Nick Van Nieuwenhuyse
By Nick Van Nieuwenhuyse
April 27, 2022
10 min read

When your webapp has a large amount of data to visualize, you don't want your users to wait 10 seconds before seeing something.

One technique that is often overlooked is HTTP streaming. It's broadly supported, works well, and doesn't require fancy libraries.

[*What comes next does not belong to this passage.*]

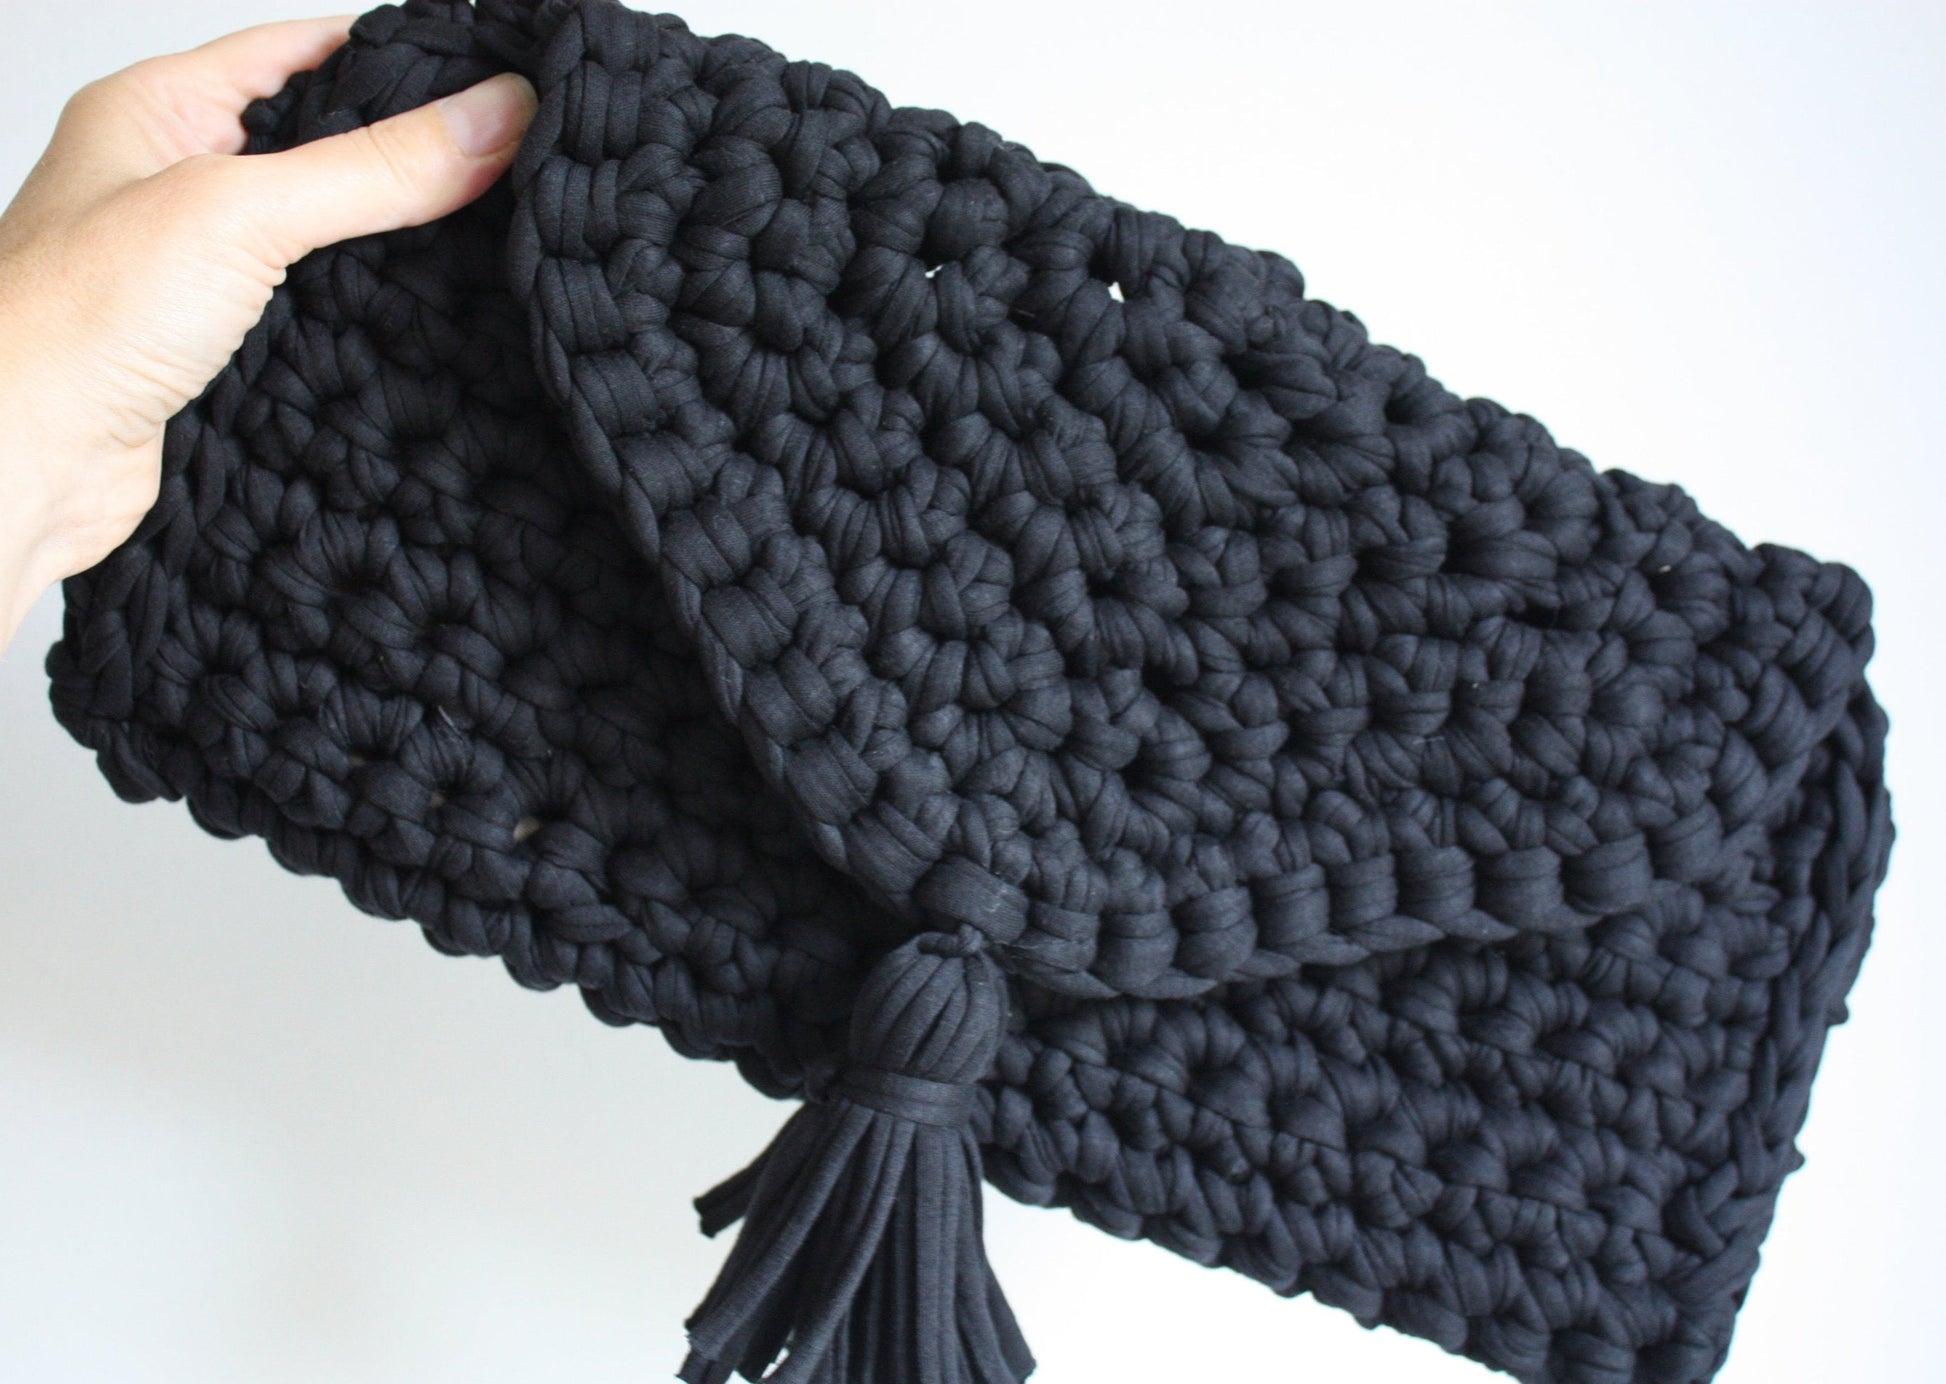 Easy Crochet pattern - Oversized T Shirt Yarn Clutch Bag - King & Eye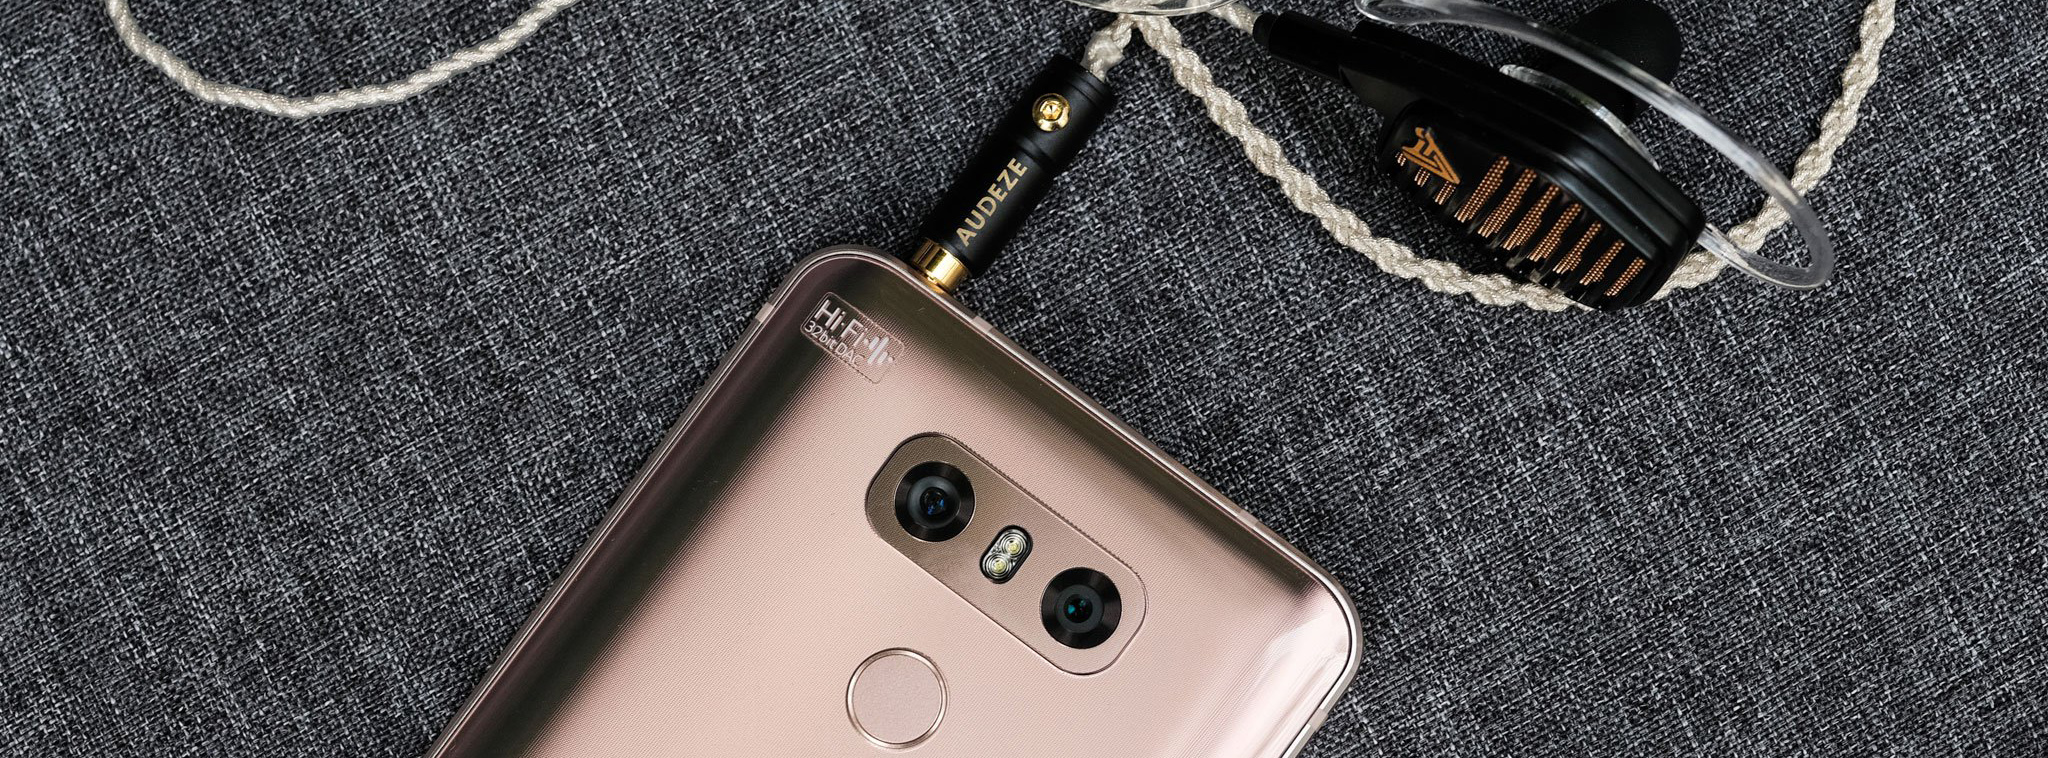 LG sẽ không còn ra mắt điện thoại G trong năm 2018 nữa, LG G6 là chiếc máy cuối cùng

We're going to go through how we can use HTTP streaming in our applications and what to consider when we do so.

Introduction

When building web applications, we typically have a REST API with GET endpoints that do something like this:

  1. Parse the request (URL, query params, etc..)
  2. Query data from a database
  3. Convert the database results into JSON
  4. Send the JSON response back

The API will typically wait for each step to complete before going on to the next one, and by step 4, the database result and the JSON objects are all in memory before the request is handled, and everything can be cleaned up.

This works, and there is nothing wrong with it (KISS, right?) as long as your database query results are small and quickly available.

But let's say you want to render a chart with 10k data points. Querying will not be as smooth anymore. The simple way will work, but ideally, you don't want to accumulate all the data in memory before sending the response.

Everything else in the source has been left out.